====== Data supplied ======

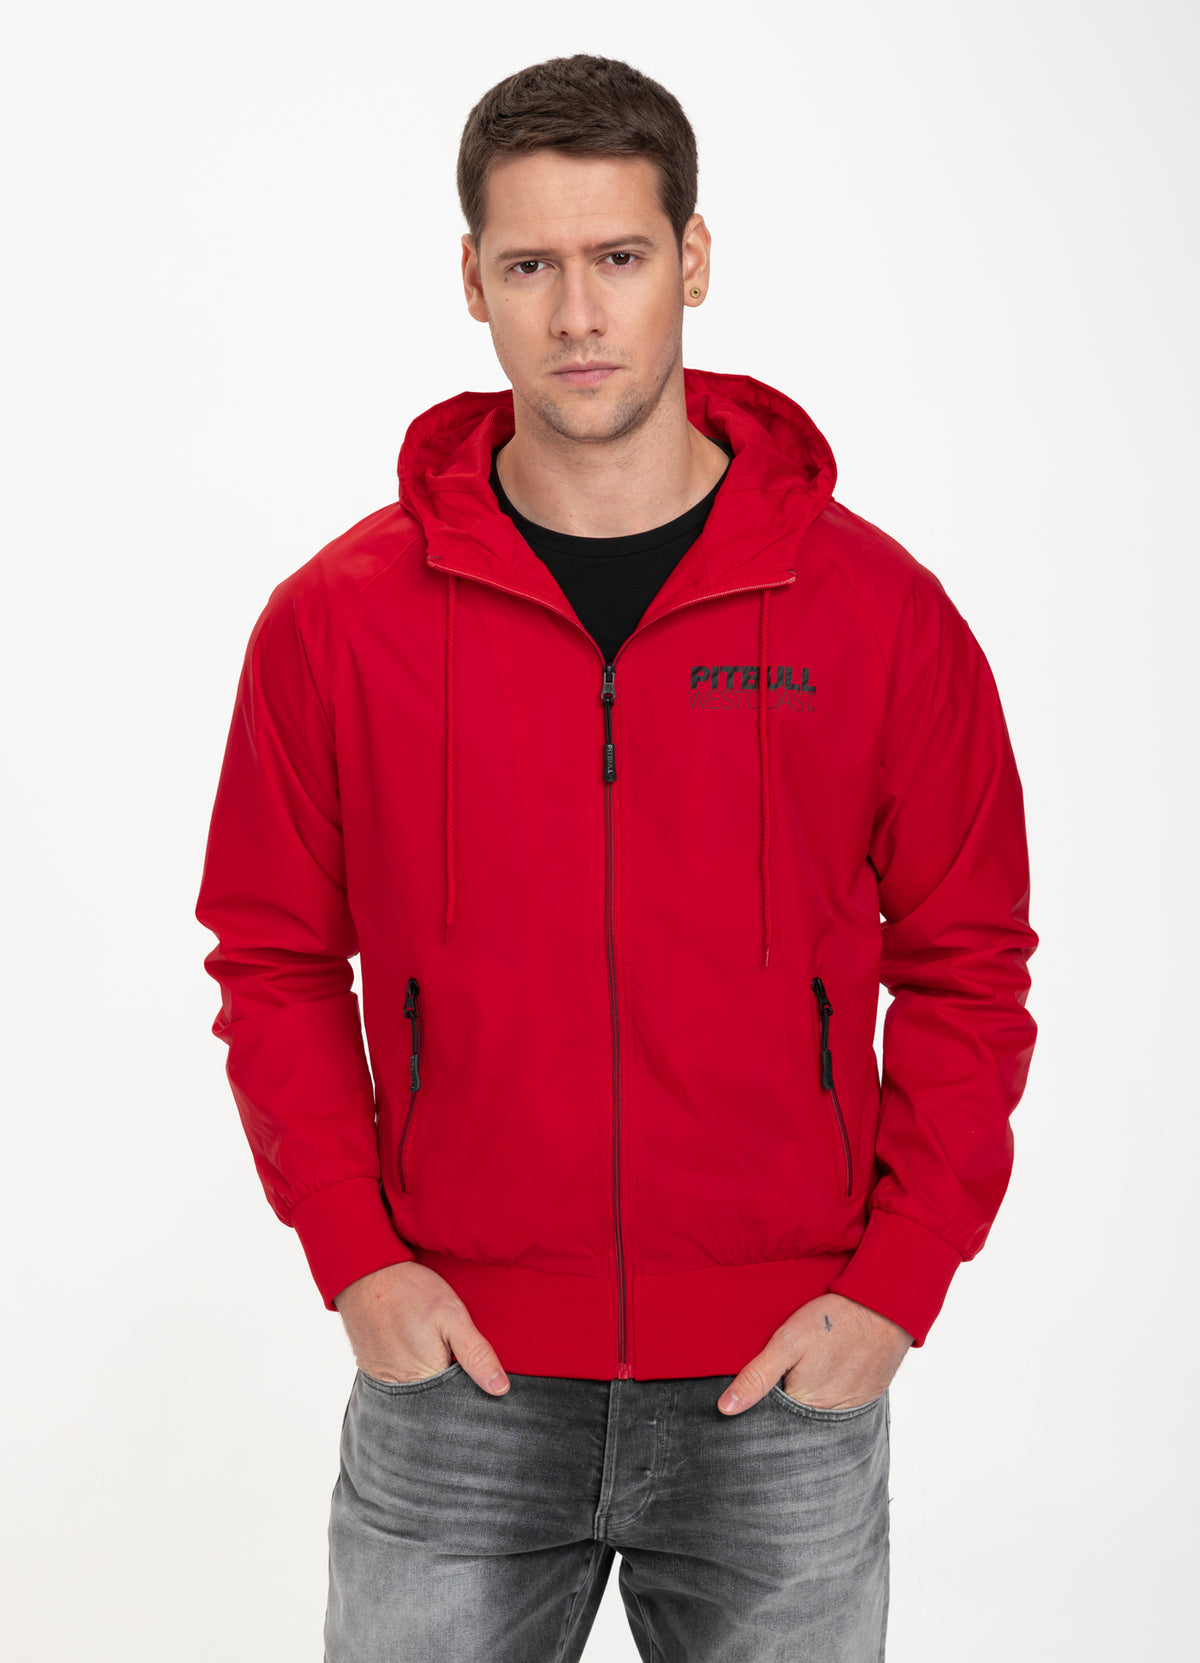 ATHLETIC Jacket Red - Pitbull West Coast International Store 
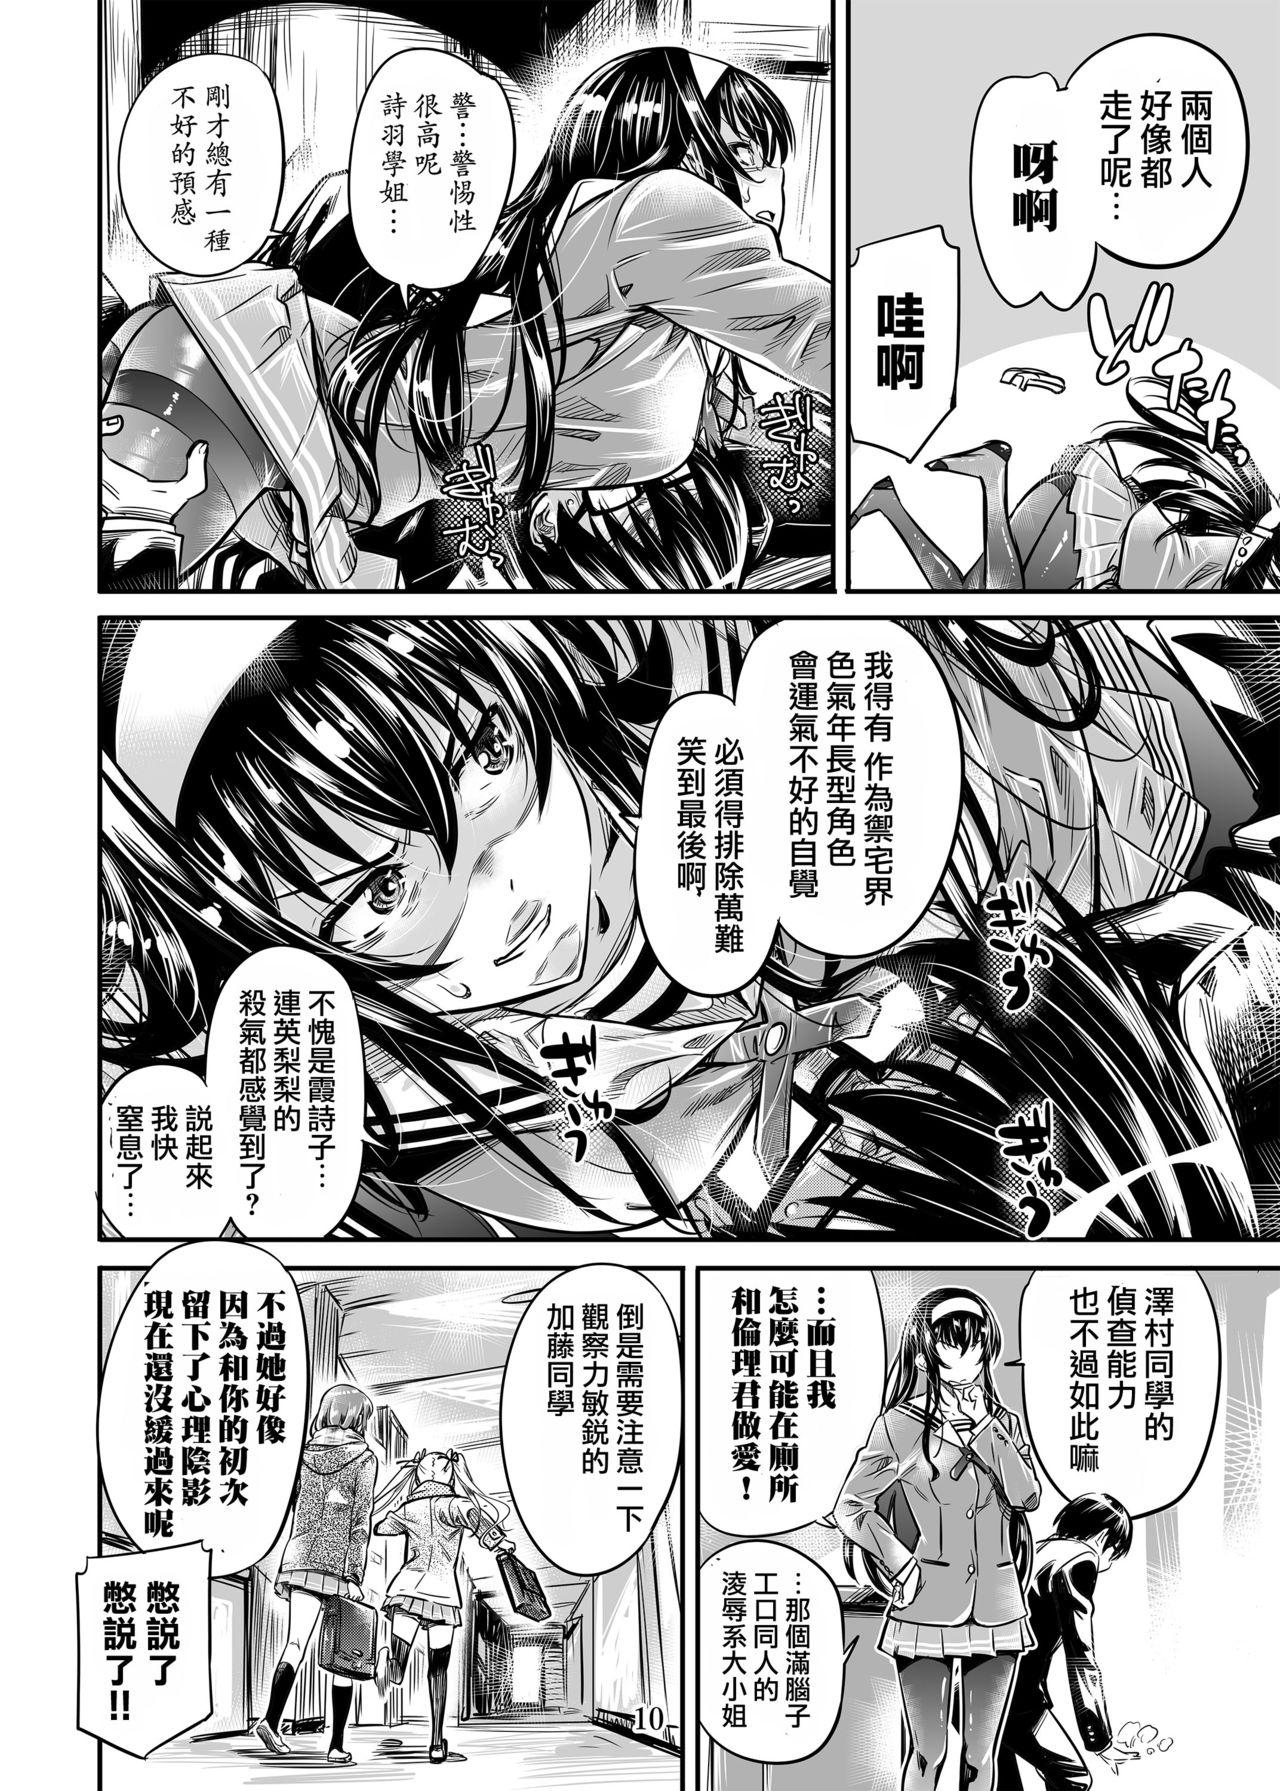 Saenai Heroine Series Vol. 5 Saenai Senpai no Sakarikata 8
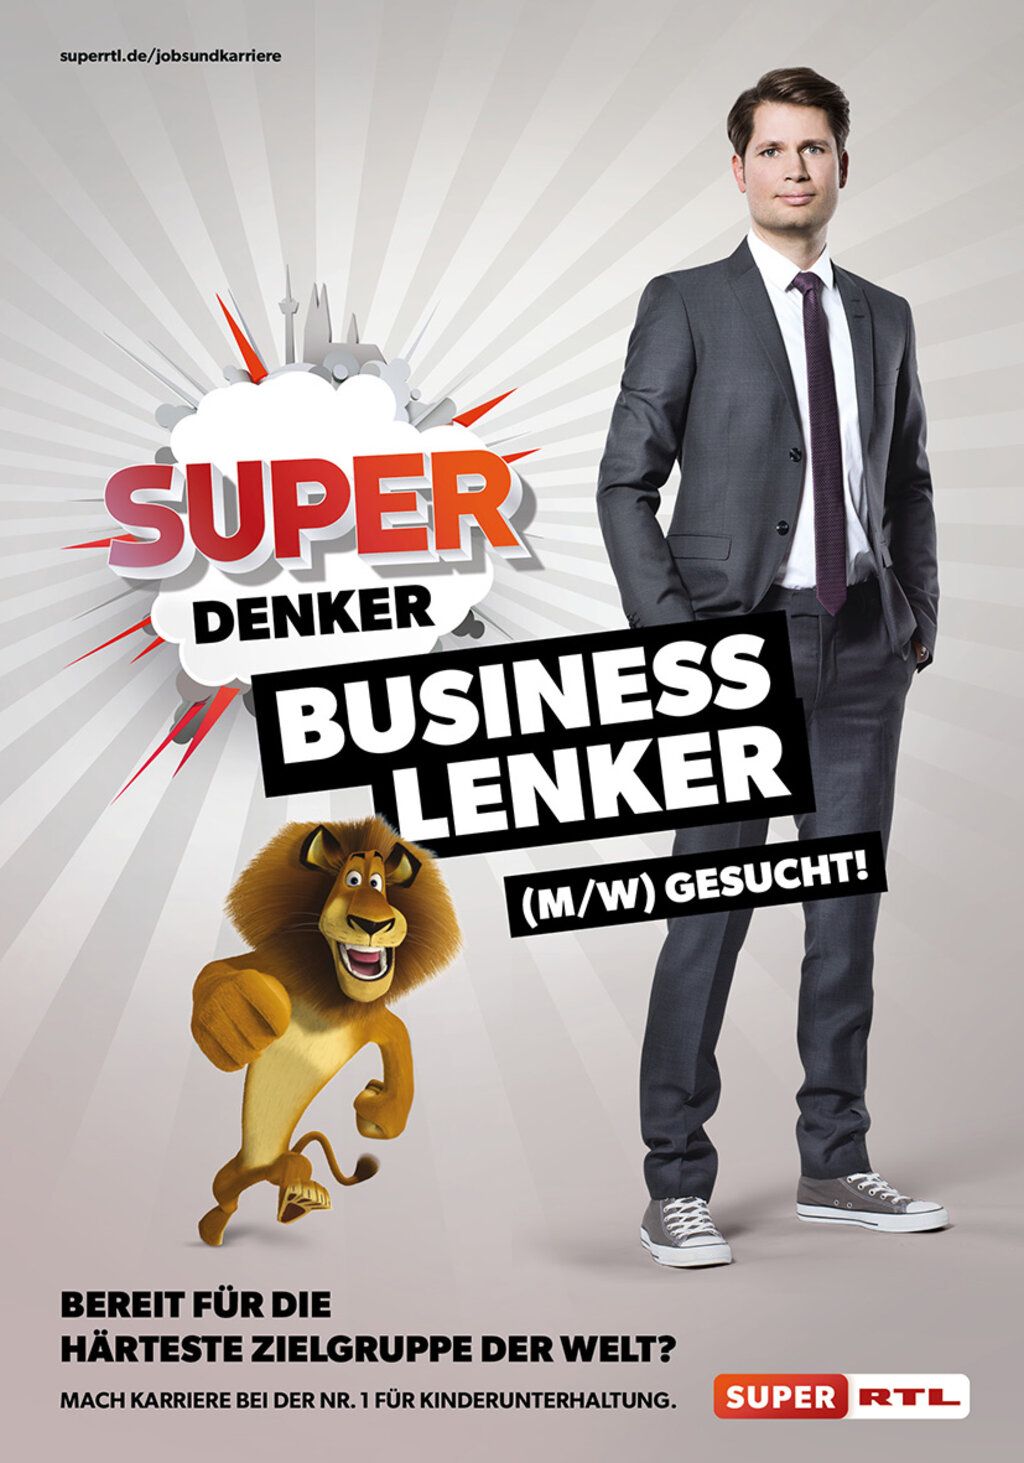 Junger Mann im Anzug mit Turnschuhen wirbt für einen Job bei Super RTL. Text: Super-Denker-Business-Lenker.
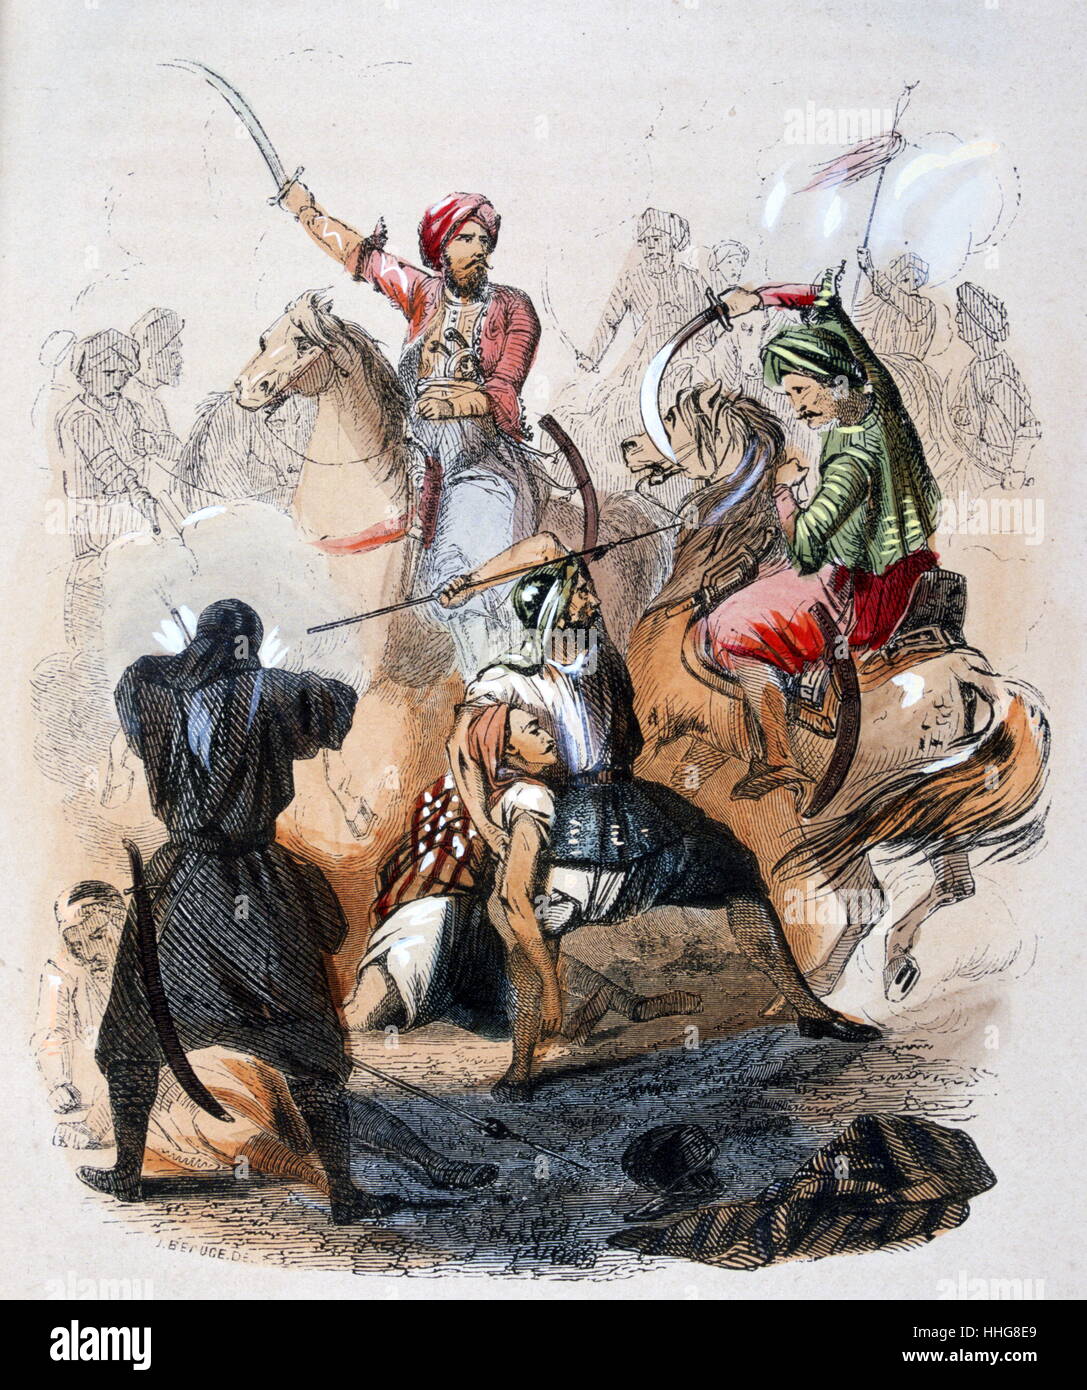 Ibrahim Pacha (fils aîné de Mohammed Ali) au cours d'une bataille en France 1818. Aquarelle réalisée par le peintre français Jean-Adolphe Beaucé (1818 - 1875). Ibrahim Pacha (1789-1848) avait ordonné à l'armée égyptienne. Après que son père est devenu sénile, Ibrahim gouvernait l'Égypte. Banque D'Images
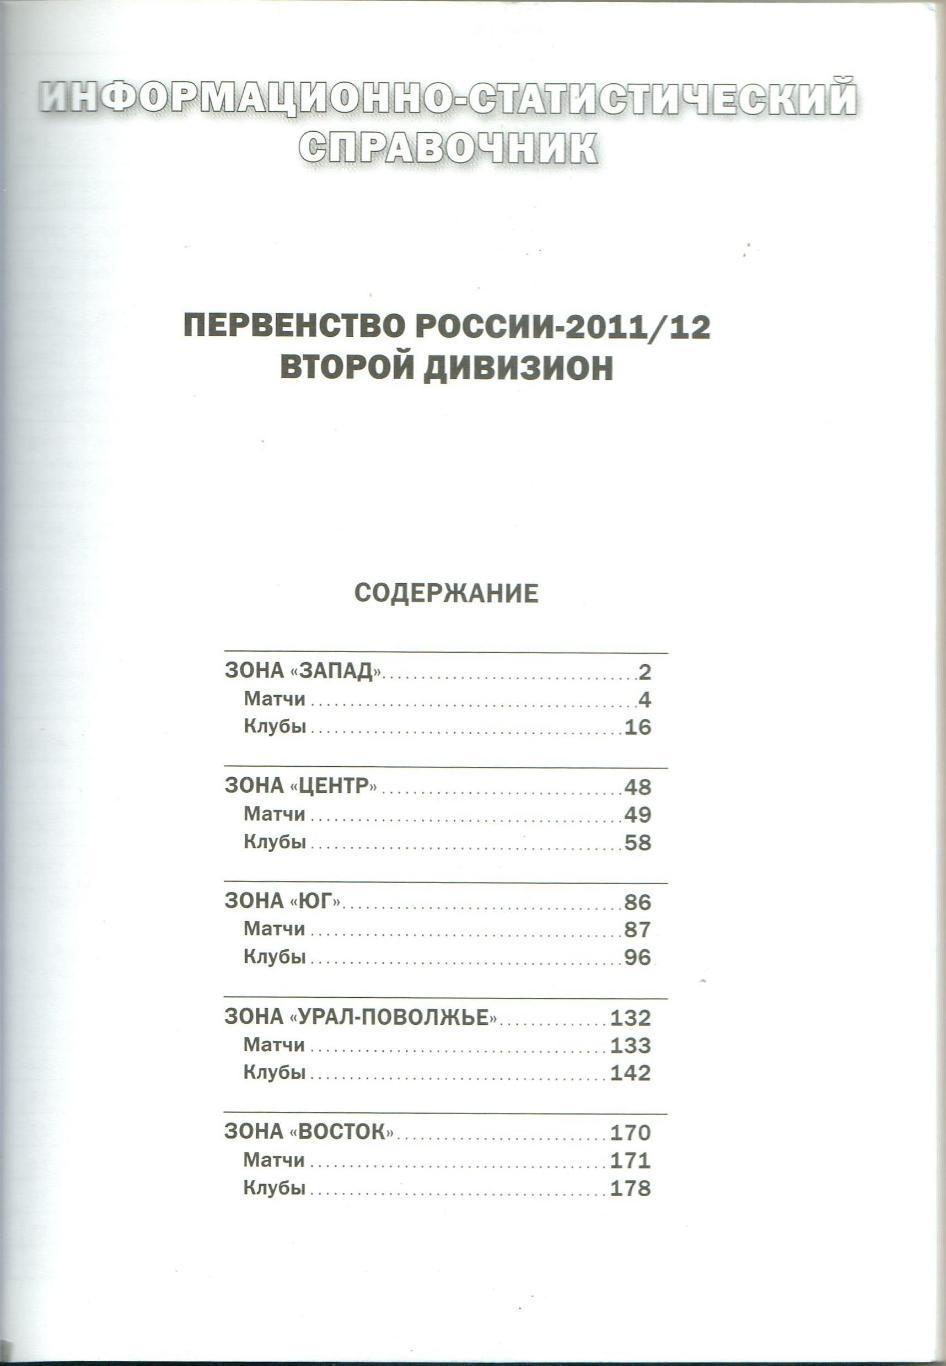 Статистический справочник РФС Итоги первенства России-2011/2012 Второй дивизион 1

======

Work order: Leaving all pictures aside, quote each record exactly.

Task answer:
 ATHLETIC Jacket Red - Pitbull West Coast International Store 
 Saenai Heroine Series Vol. 5 Saenai Senpai no Sakarikata 8
 Junger Mann im Anzug mit Turnschuhen wirbt für einen Job bei Super RTL. Text: Super-Denker-Business-Lenker.
 Ibrahim Pacha (fils aîné de Mohammed Ali) au cours d'une bataille en France 1818. Aquarelle réalisée par le peintre français Jean-Adolphe Beaucé (1818 - 1875). Ibrahim Pacha (1789-1848) avait ordonné à l'armée égyptienne. Après que son père est devenu sénile, Ibrahim gouvernait l'Égypte. Banque D'Images
 Статистический справочник РФС Итоги первенства России-2011/2012 Второй дивизион 1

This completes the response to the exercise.